━━━ EXERCISE DATA ━━━
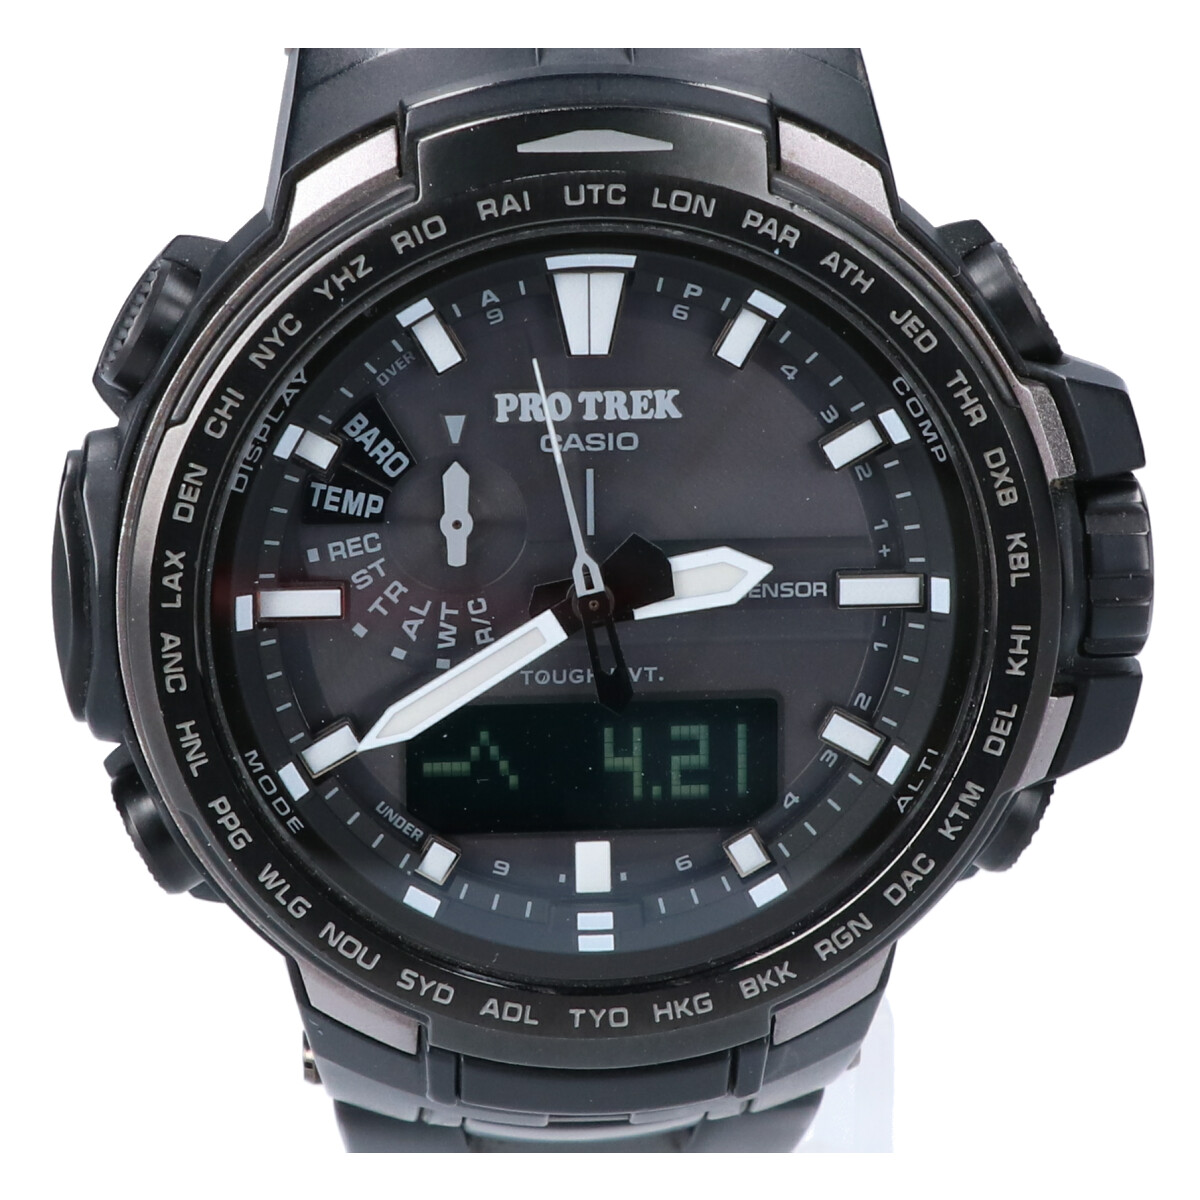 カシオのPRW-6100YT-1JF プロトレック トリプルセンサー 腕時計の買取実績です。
━━━
━━━ EXERCISE DATA ━━━
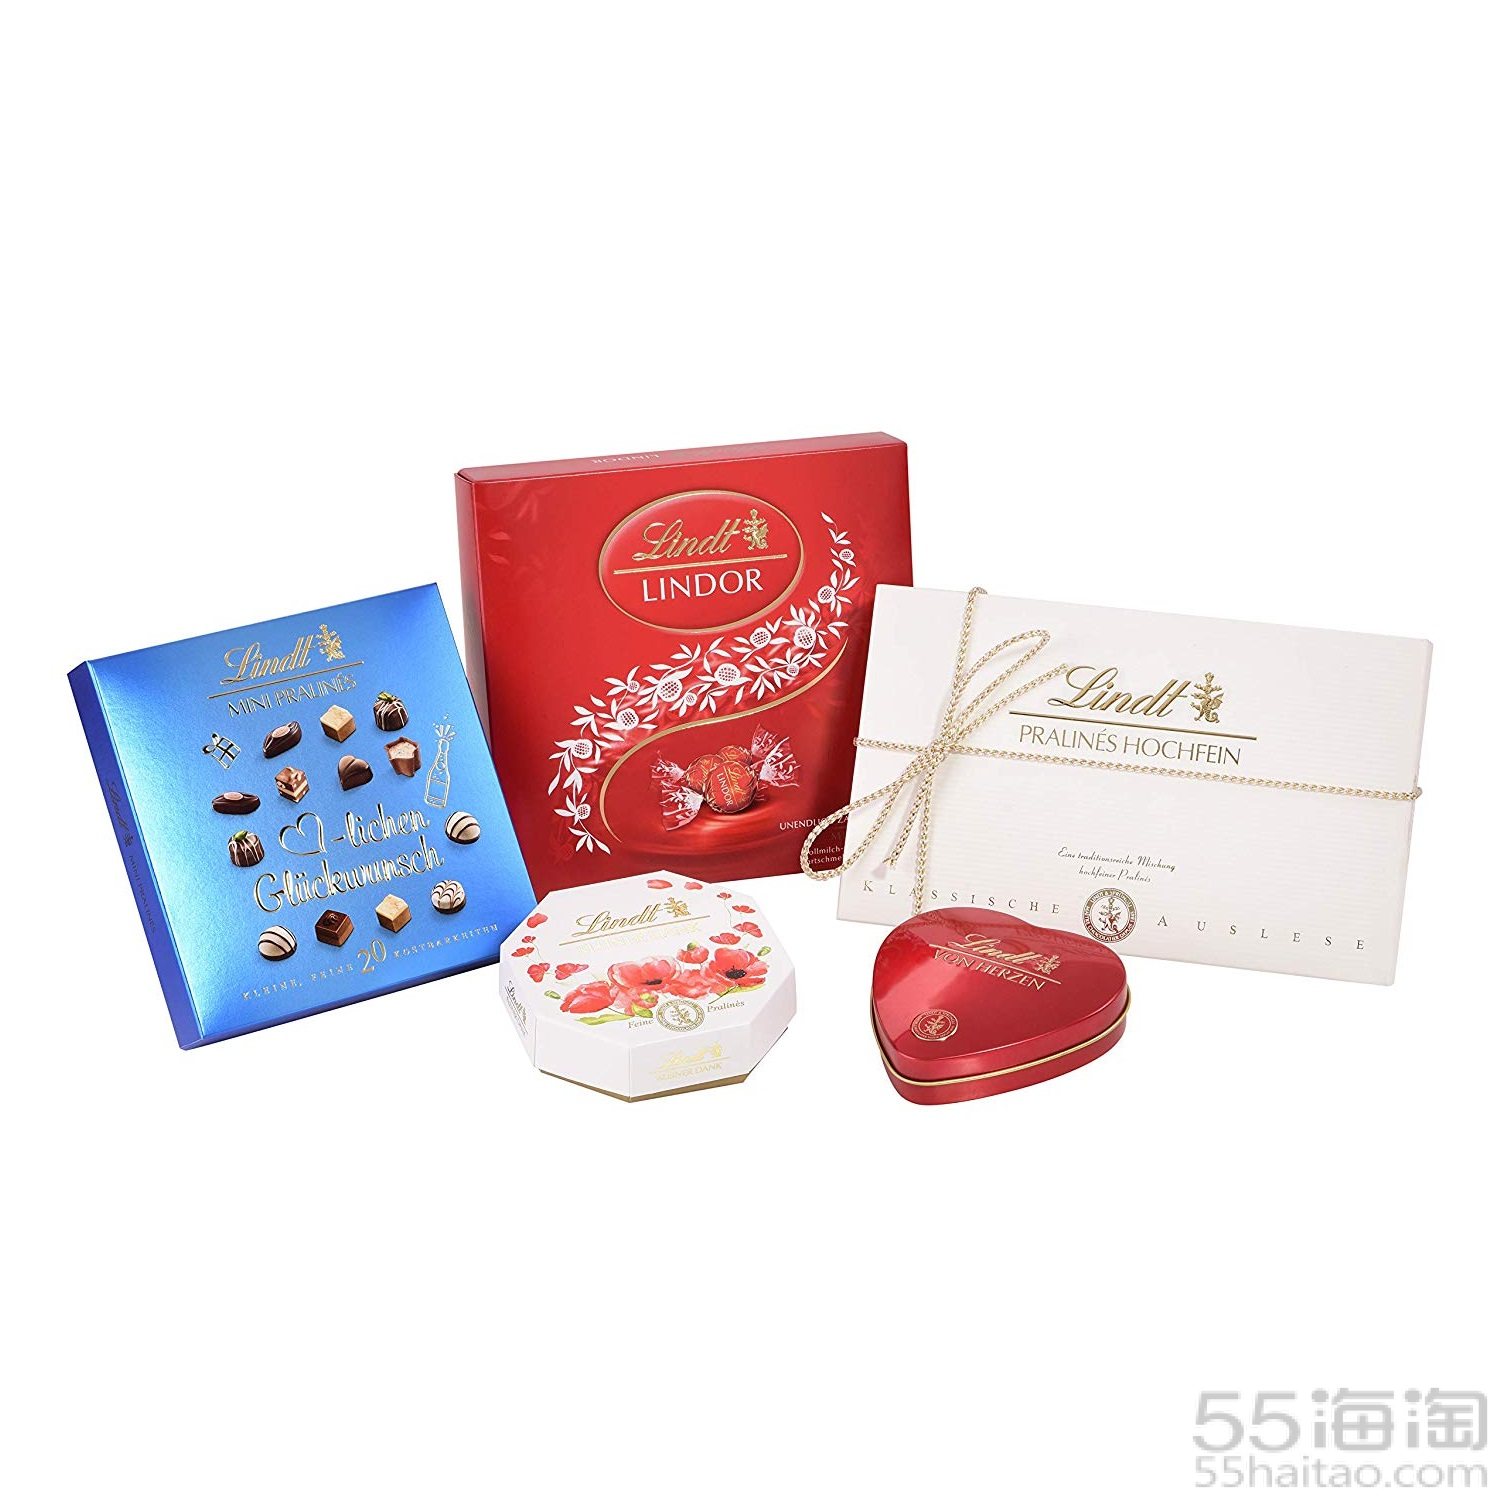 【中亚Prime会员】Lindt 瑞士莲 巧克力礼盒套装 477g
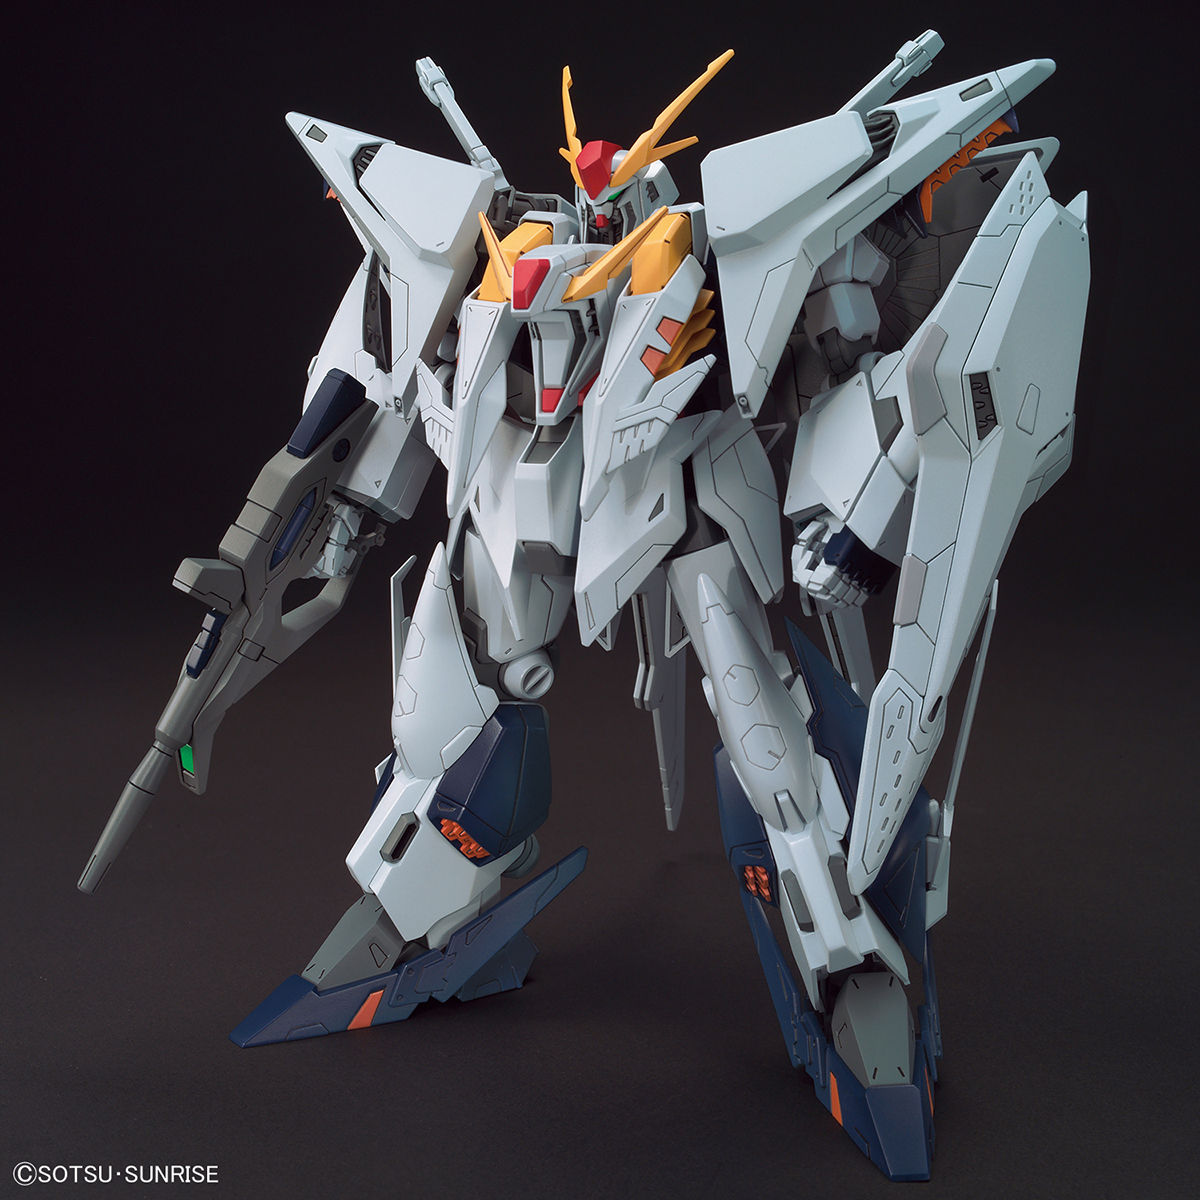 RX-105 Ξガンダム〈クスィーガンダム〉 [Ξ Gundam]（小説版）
━━━
━━━ EXERCISE DATA ━━━
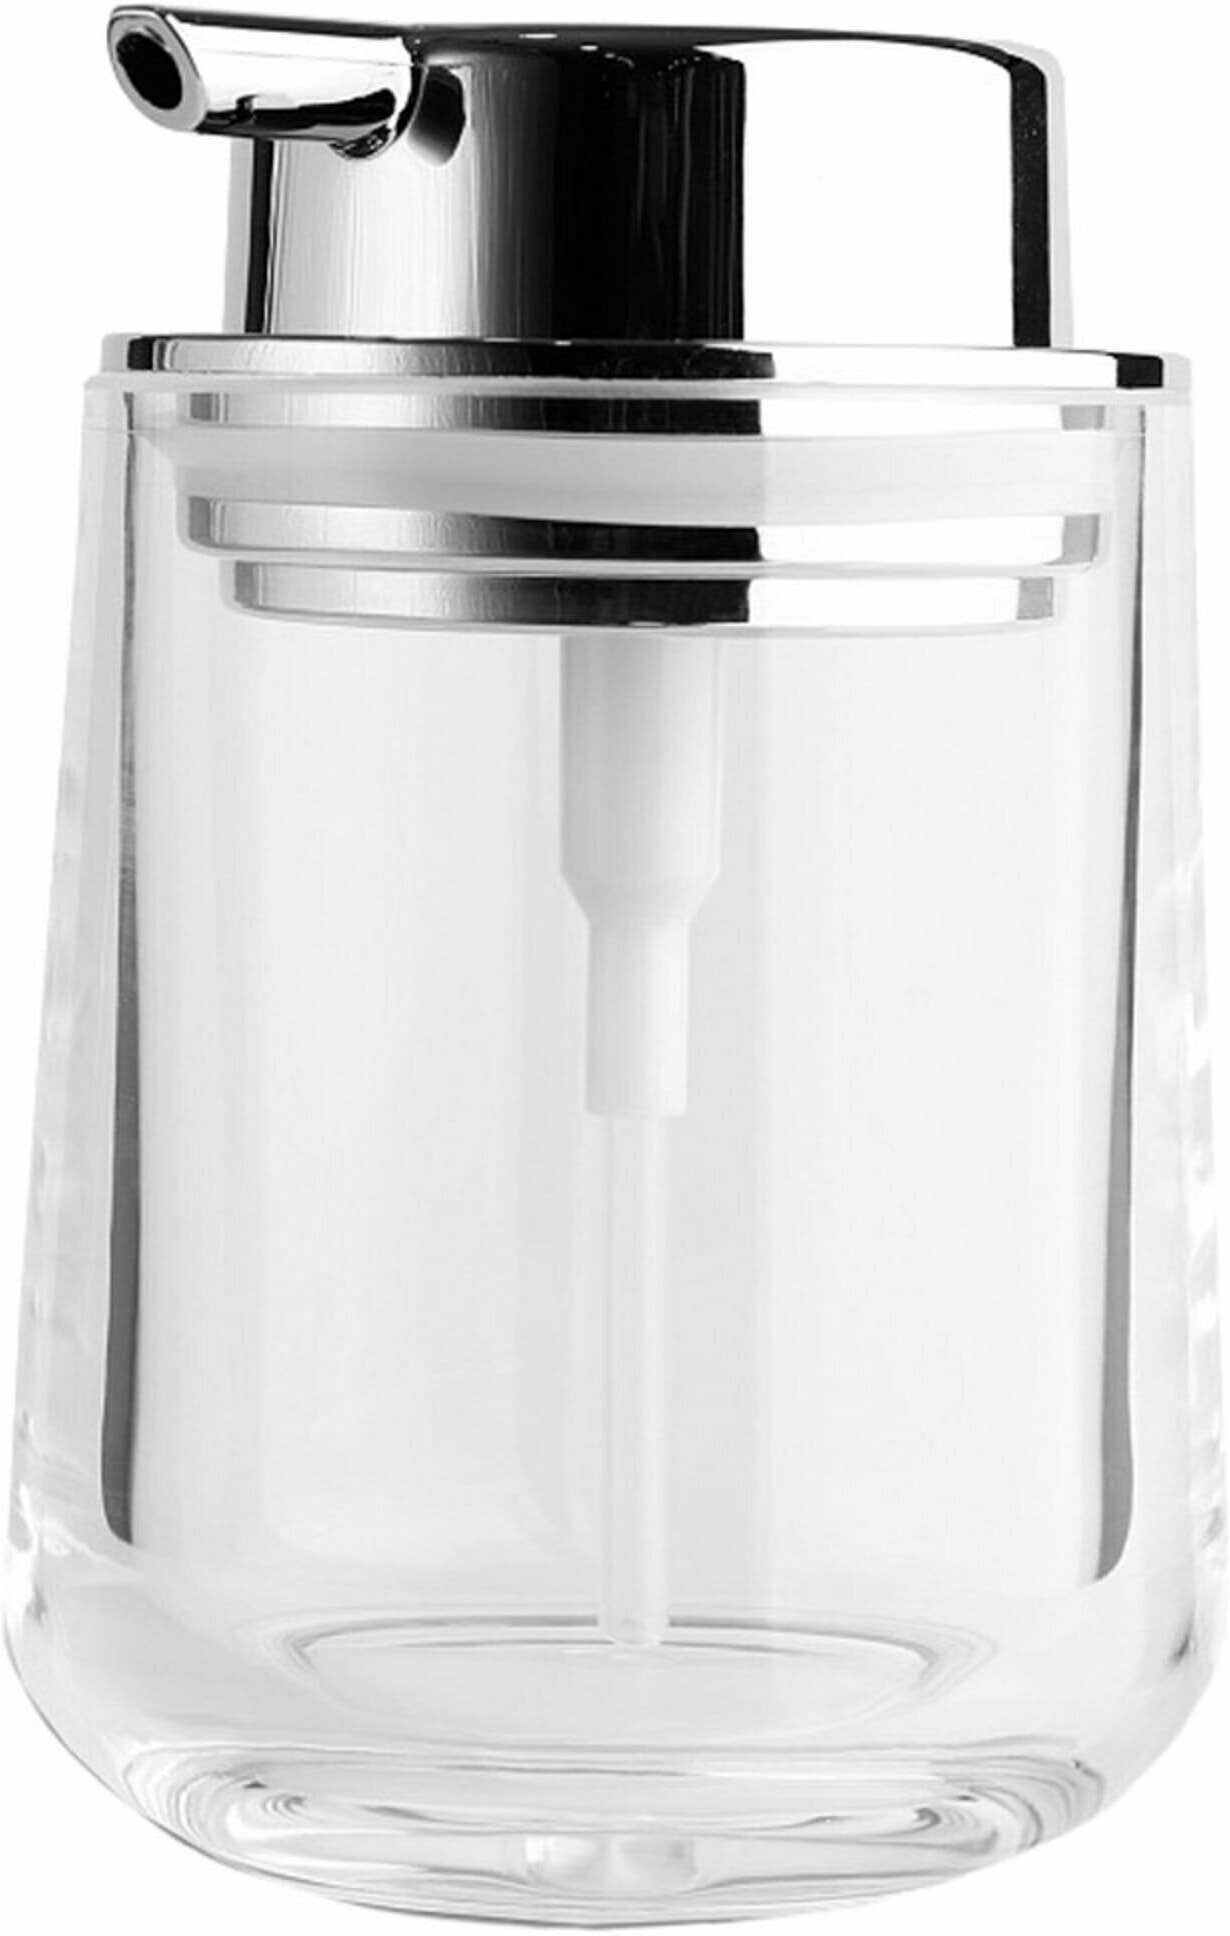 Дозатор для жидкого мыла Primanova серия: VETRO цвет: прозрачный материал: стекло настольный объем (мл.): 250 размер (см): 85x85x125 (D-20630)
━━━
§ **REQUIRED WORK**:
Using the listing above, repeat word for word each line from the one with "瑞士莲 巧克力礼盒套装 477g" down to the one with "RX-105 Ξガンダム〈クスィーガンダム〉 [Ξ Gundam]（小説版）", both included. Omit all pictures.

§ **WRITTEN SOLUTION**:
 【中亚Prime会员】Lindt 瑞士莲 巧克力礼盒套装 477g
 RX-105 Ξガンダム〈クスィーガンダム〉 [Ξ Gundam]（小説版）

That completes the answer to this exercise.